証明書をインストールする際はインストール用パスワードを設定することが一般的です。これだけでかなりセキュリティ強化になると思われます。
ワンタイムパスワードを実装する
ワンタイムパスワードとは、1分間など一定時間のみ有効なパスワードのことです。ワンタイムパスワード発行は以下のような方法があります。
- トークン(物理デバイス)を用いる
- スマホアプリ(Authenticator など)を用いる
- VPNユーザーIDに紐づくメールアドレスに送信する
物理デバイスは配布するための工数や、紛失した場合の対策を考える工数も必要になります。スマホアプリも同様でスマホを紛失した場合の対処方法を考えておく必要があります(MDMでデータ消去させるなど)。メールアドレスへのワンタイムパスワード送付が一番手っ取り早いかもしれませんが、VPN未接続状態でメール受信可能な環境を構築する必要があります。
不正ログイン検知機能の実装
不正ログインとは、脆弱性悪用によるログインなど色々なことが考えられますが、不正ログインが発覚したタイミングでそのアカウントを無効化する必要があります。
日々ログを見ていけば不正ログインが発生したことを確認できるかと思いますが、それはとっても大変です。そのため、SIEMなどのログ分析システムを導入するか、SOCでログ分析を依頼する方法が現実的です。どちらも高価なので、慎重に導入を検討していく必要があります。
ログはその時点のログだけでなく、3年くらいは蓄積しておくことが望ましいです。そのためログ集中管理サーバを構築しここに保存していくシステム構成が良いかと思います。
接続元IPアドレスを制限する
接続元IPアドレスを制限できればセキュリティは向上しますが、どこまで制限できるかは検討が必要です。例えば日本国内を考えた場合、グローバルIPアドレスは、スマホなどの携帯ネットワーク、ホテルなどのWifi、自宅のインターネット環境、どれも異なるグローバルIPアドレスで接続することになります。

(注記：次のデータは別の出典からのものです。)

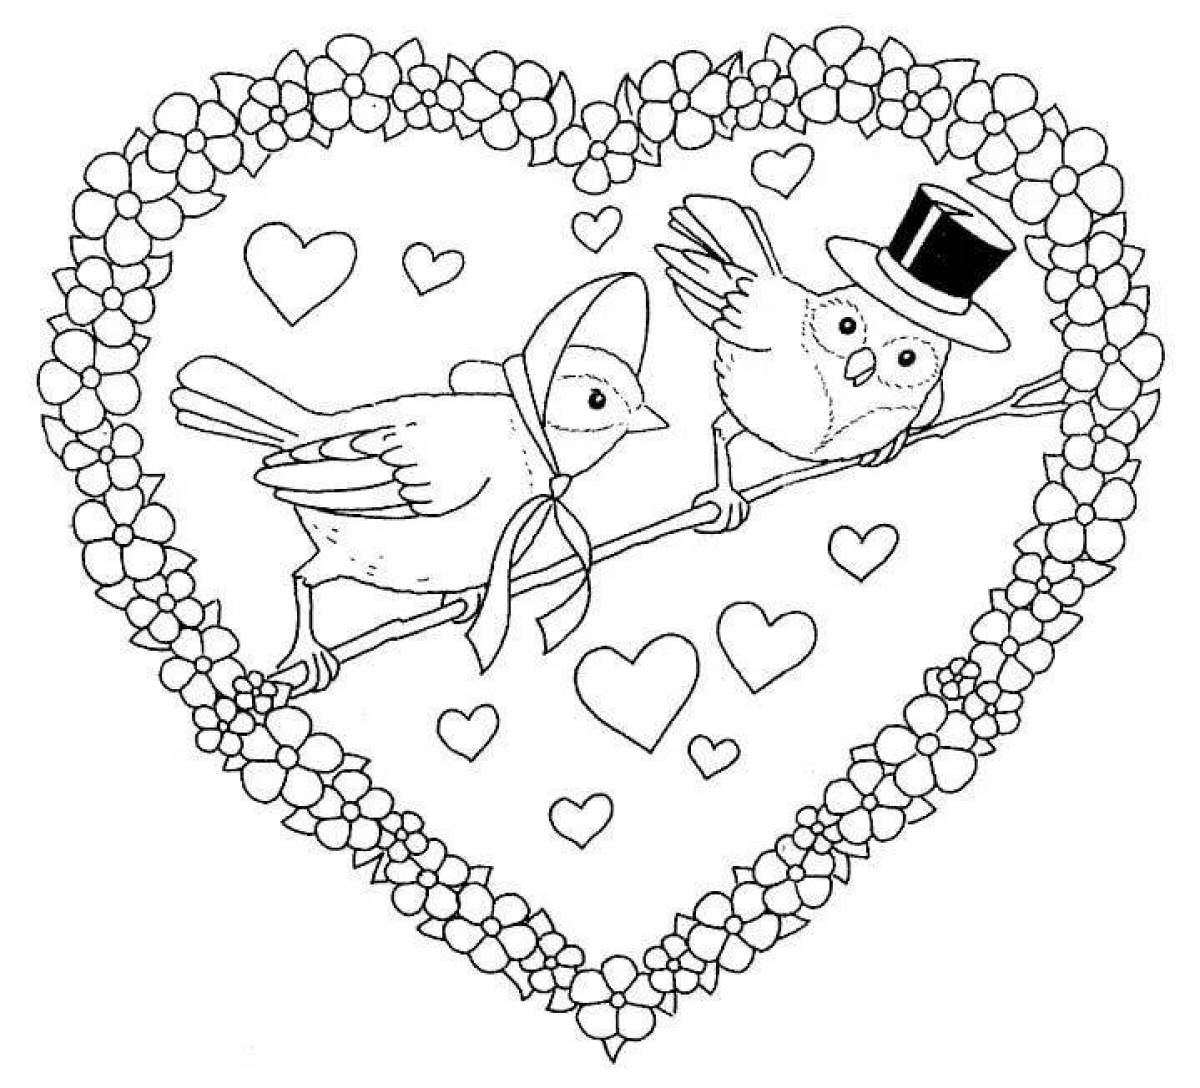 Lovely valentine's day coloring book

ここで制限できるIPアドレスは、国や、ブラックIPアドレスリストなどです。VPN利用者が日本国内に限定されるのであれば、日本以外の国のグローバルIPアドレスを全てブロックします。また、ブラックIPアドレスリストとは、大量の不正なメール送信や、不正なサイトを運営しているIPアドレスのことです。ここから接続要求があった場合にブロックすることが重要です。
VPNやファイヤウォールのファームウェアをバージョンアップする
いくらセキュリティを強化しても、脆弱性があり悪用されると、不正アクセスを許してしまうことになります。そのため新しいファームウェアがリリースされたら早めに適用することが重要です。

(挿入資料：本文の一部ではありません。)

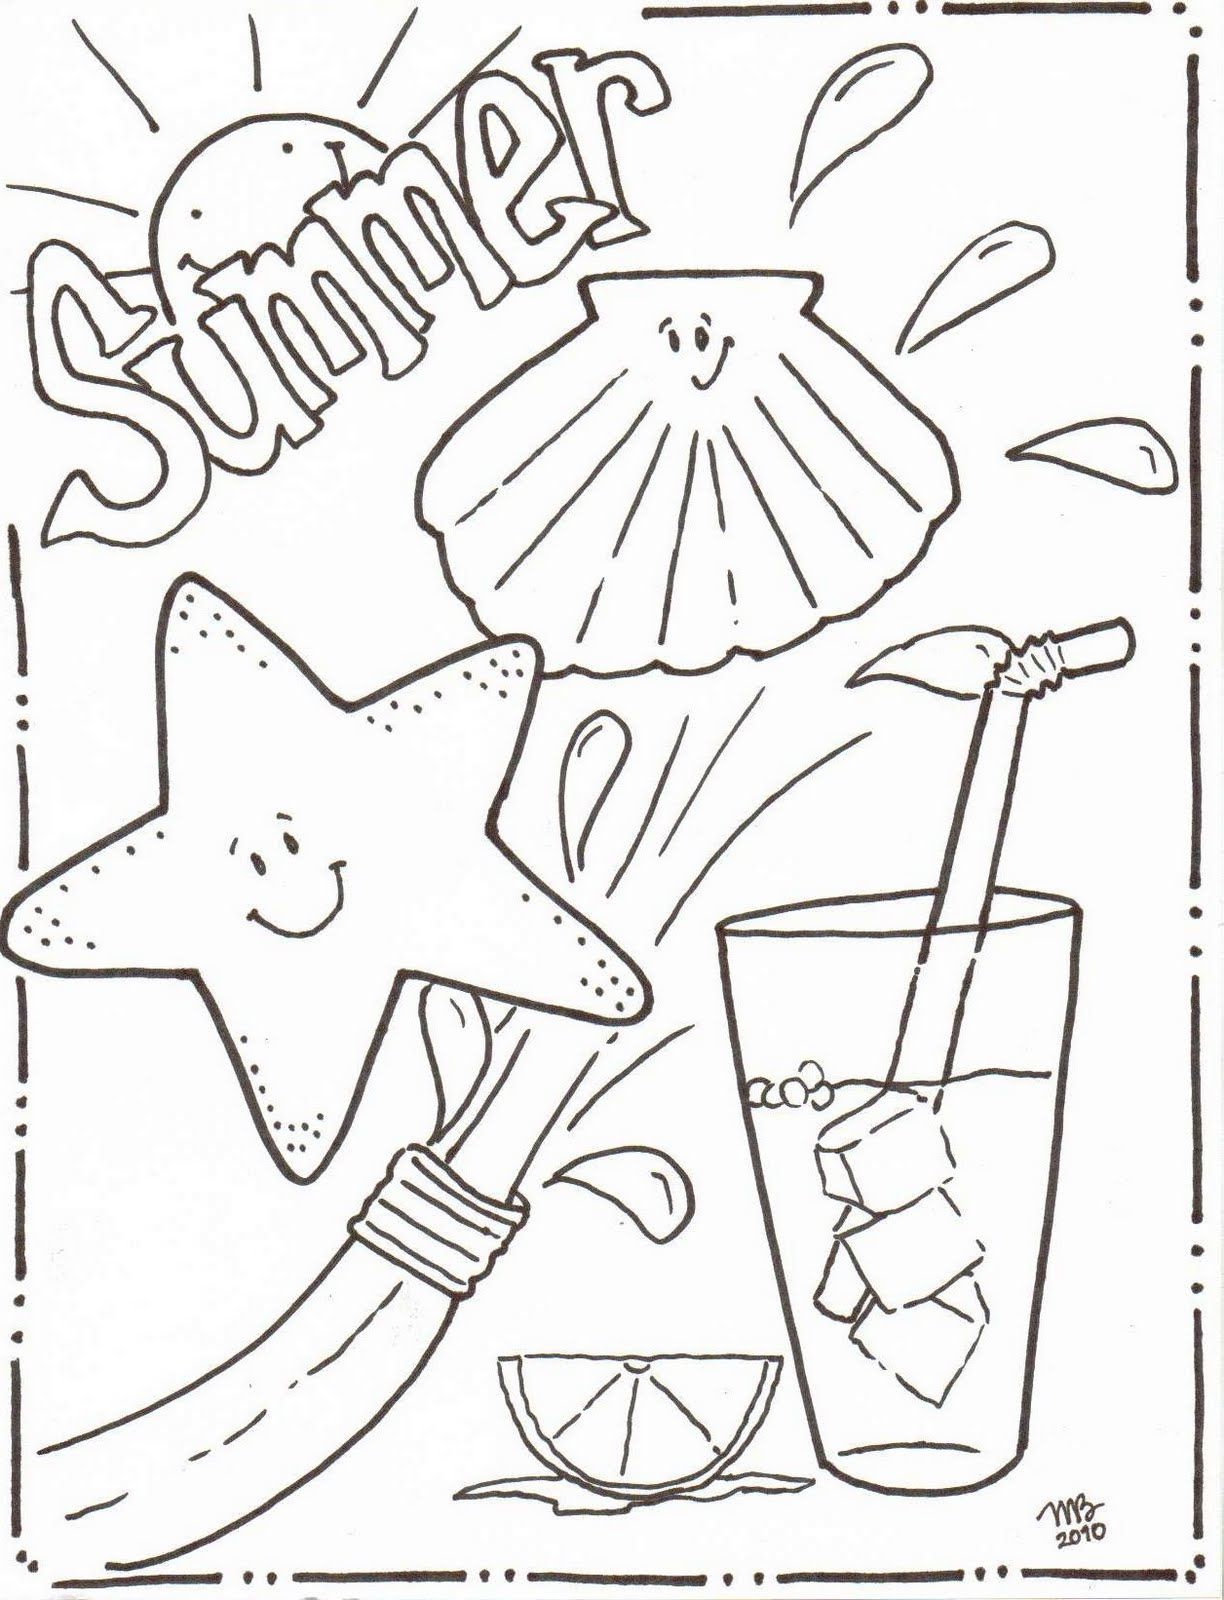 Summer coloring pages.

ファームウェアのバージョンアップは中々勇気のいる作業です。なぜかというと、バージョンアップにより設定が消えたり、追加設定が必要になる可能性があるからです。そのため、ファームウェアのバージョンアップを行う際はシステムベンダーに依頼するなど専門知識を持った人にやってもらうのが良いと考えます。
VPNは便利だけど危険
VPNは世界中どこからでも社内システムにアクセスできるので、とても便利ですが、とても危険です。VPNを利用する場合には、セキュリティを強固に保つだけでなく、不要なアカウントを削除するなど日々のメンテナンスを忘れずに運用することが必要です。